[[ Data open ]]

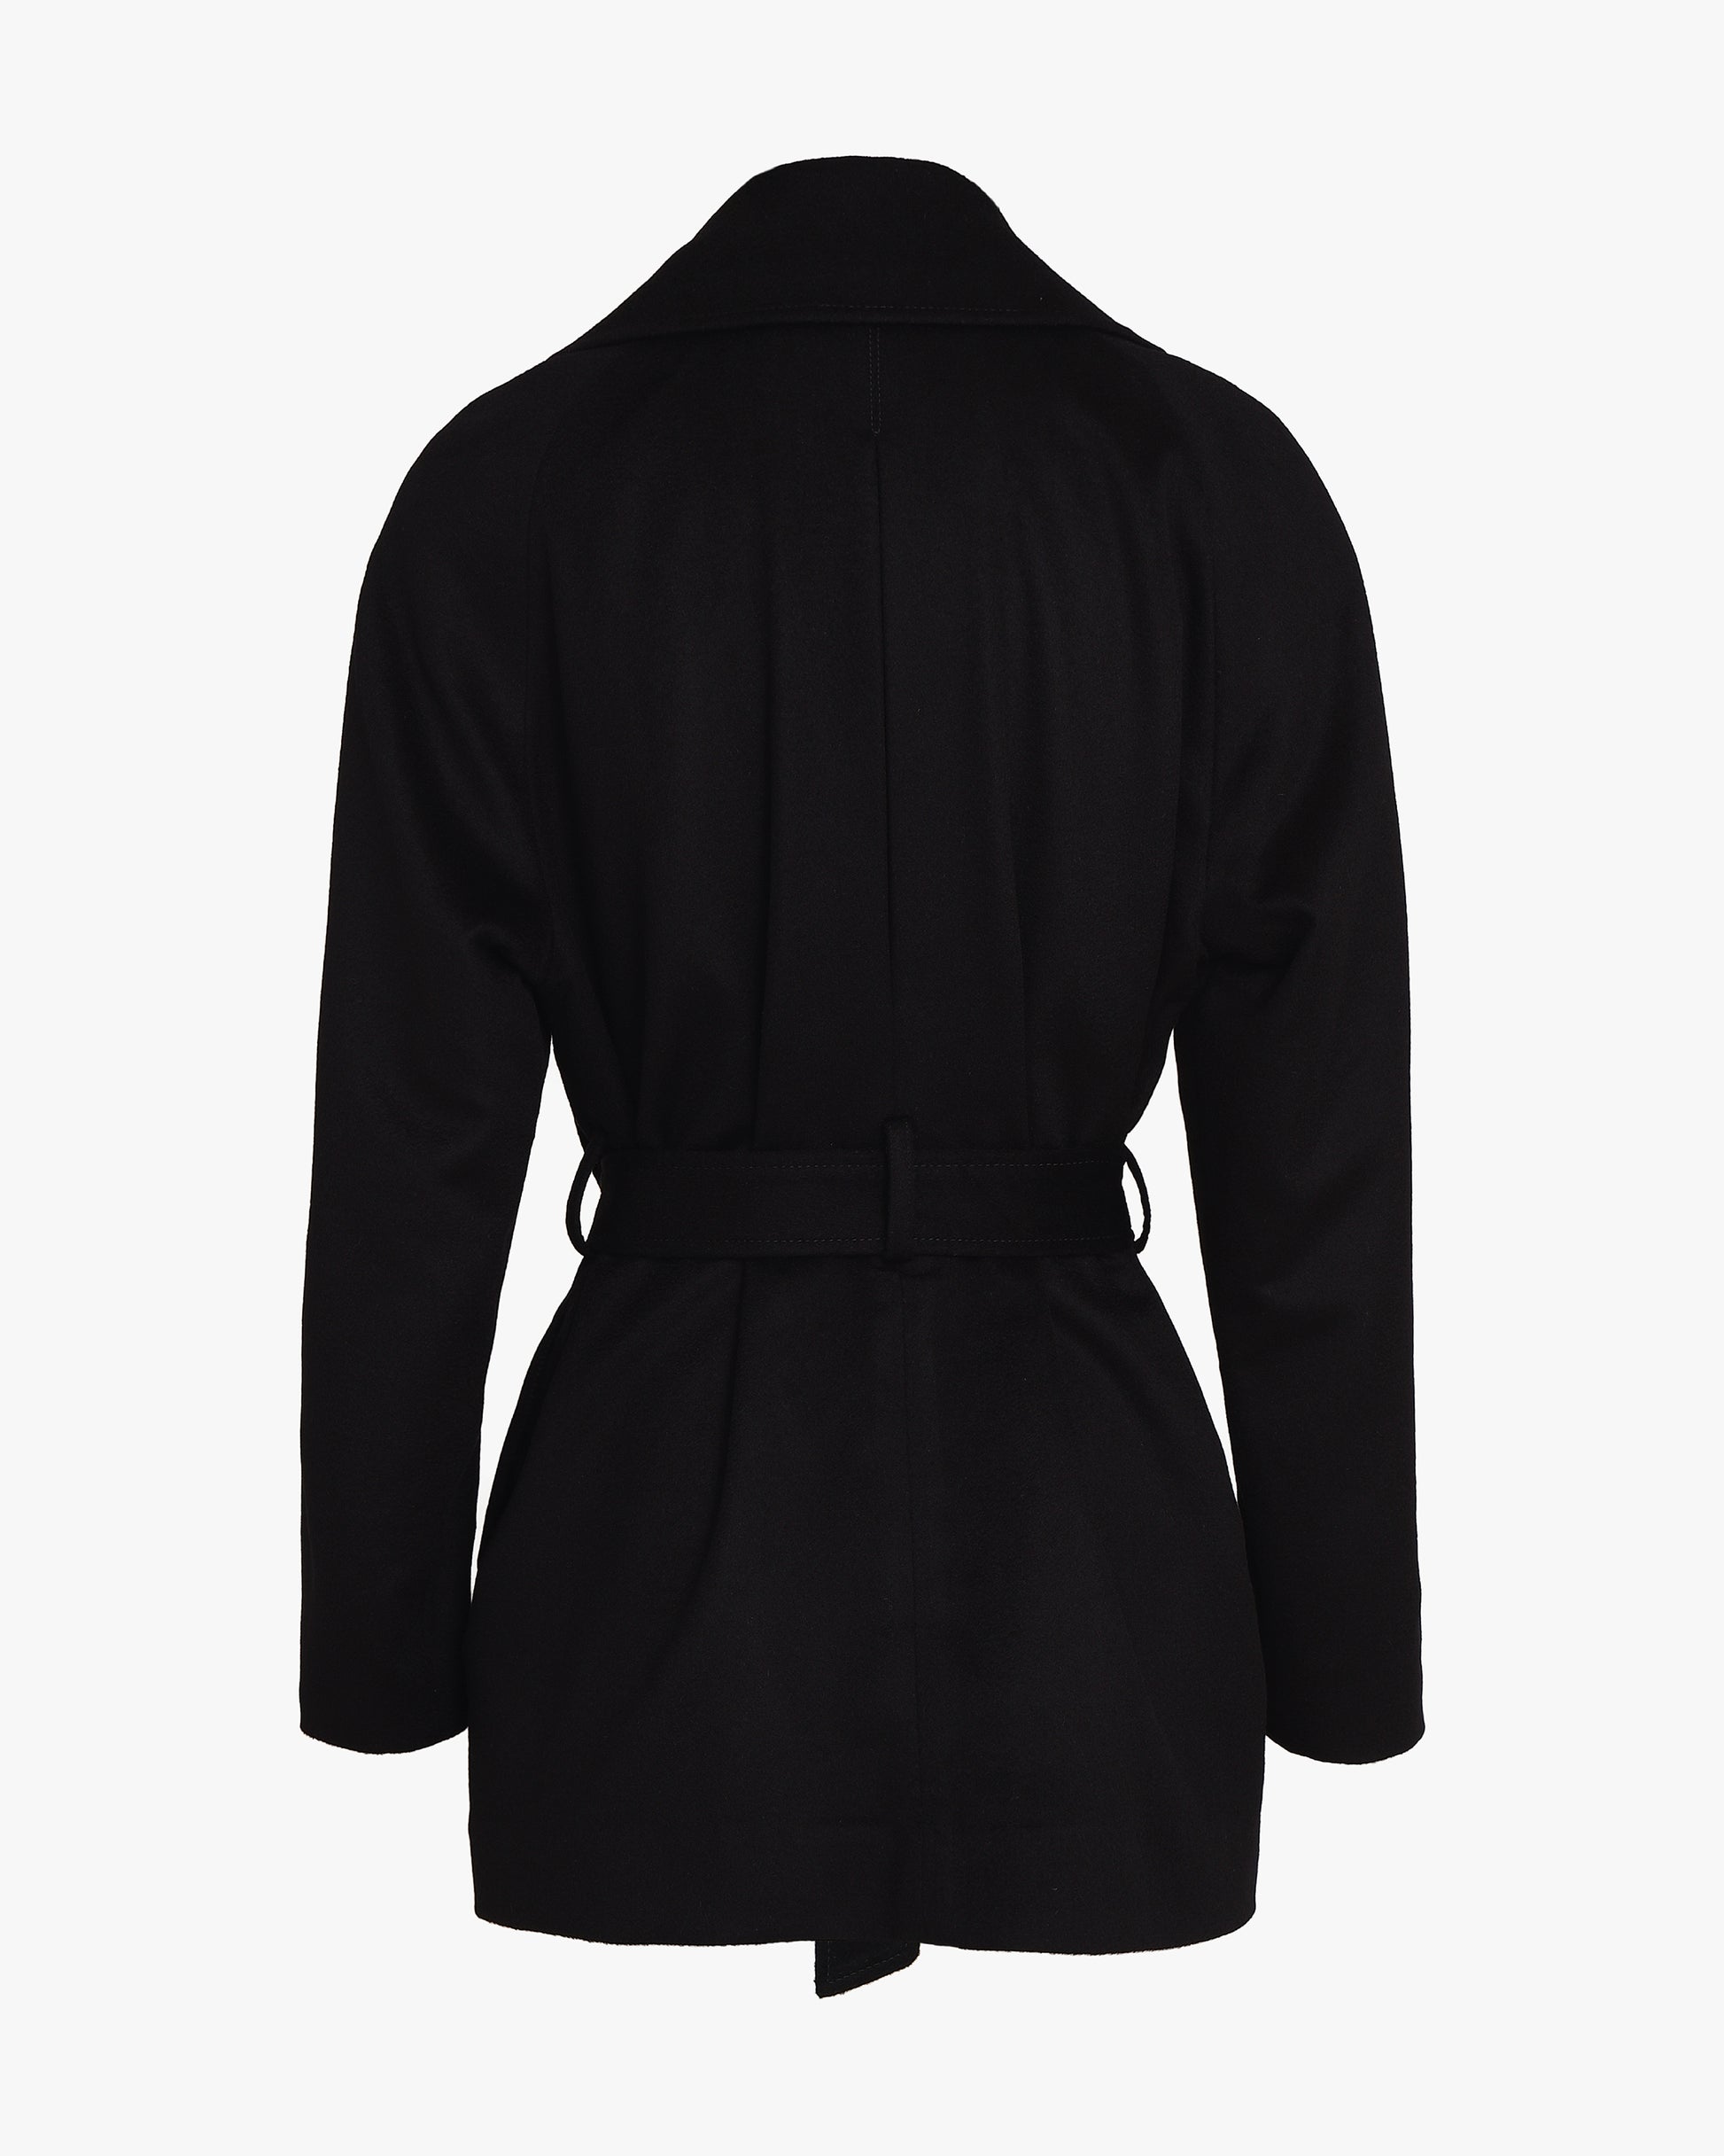 Issue Twelve Emma Coat in Black Wool Cashmere
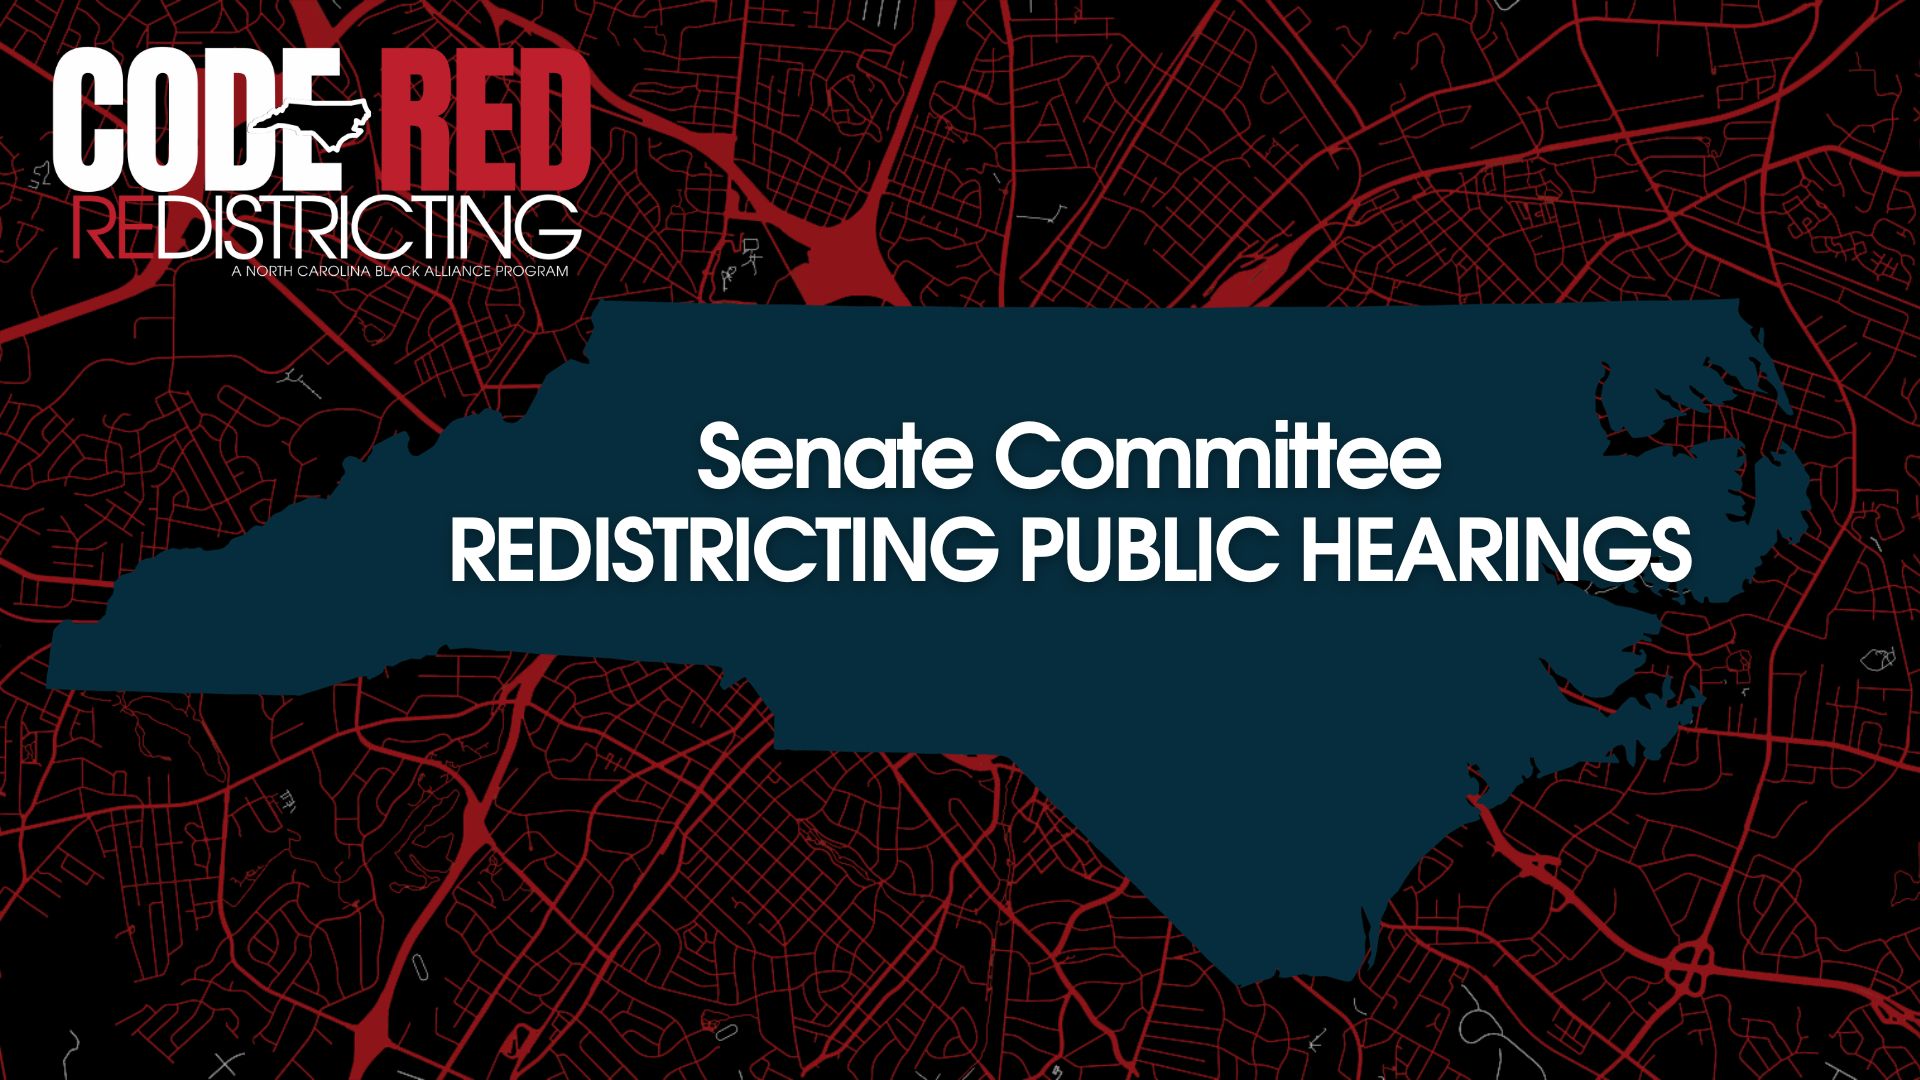 CODE RED: Senate Committee Redistricting Public Hearings
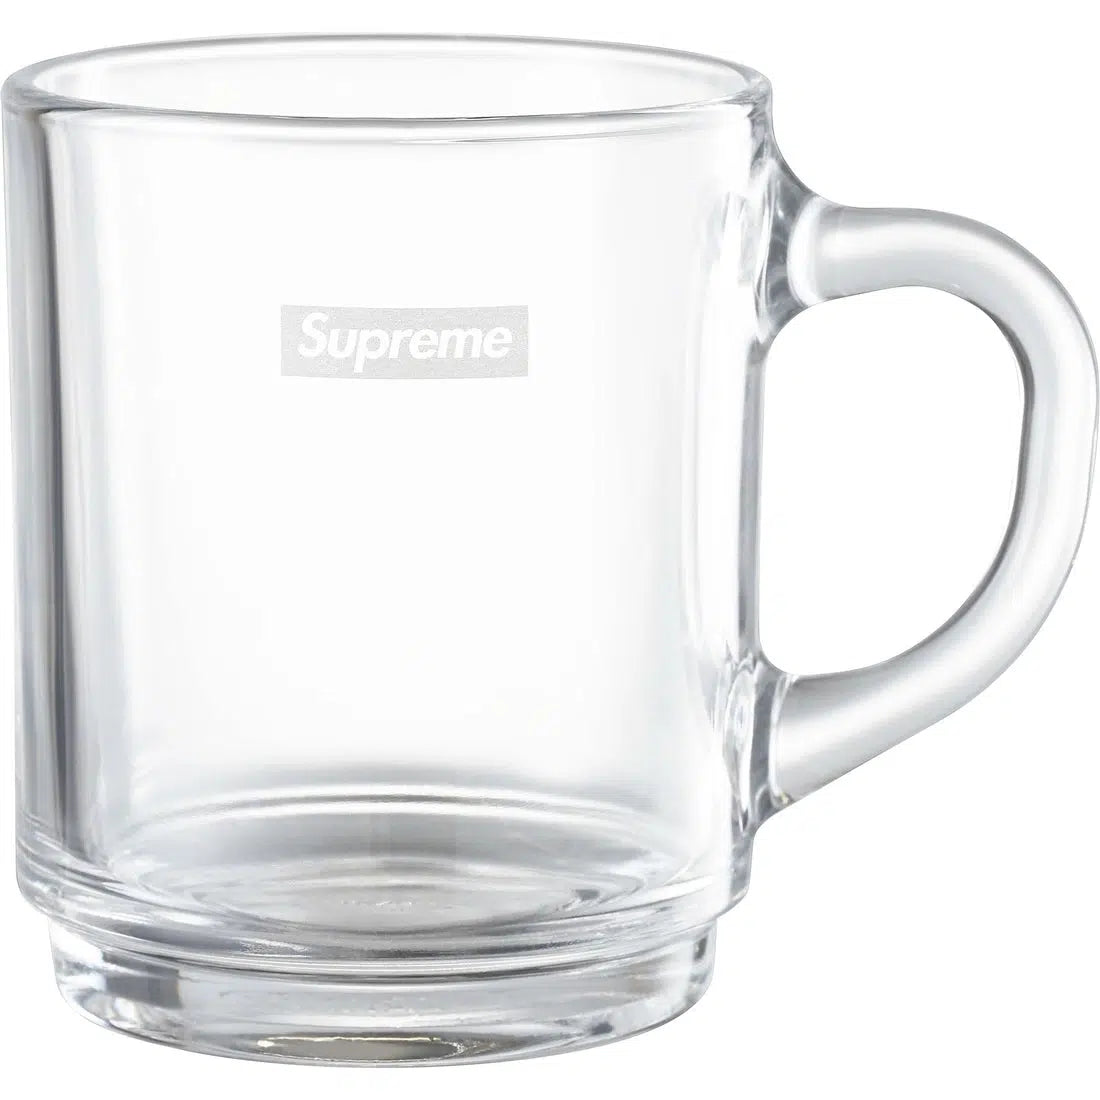 Buy SUPREME®/DURALEX GLASS MUGS (SET OF 6) Online - Waves Never Die

[[ Data closed ]]

Task to complete: Exactly as written, return each line above and leave the pictures behind.

Task solution:
 Issue Twelve Emma Coat in Black Wool Cashmere
 CODE RED: Senate Committee Redistricting Public Hearings
 Buy SUPREME®/DURALEX GLASS MUGS (SET OF 6) Online - Waves Never Die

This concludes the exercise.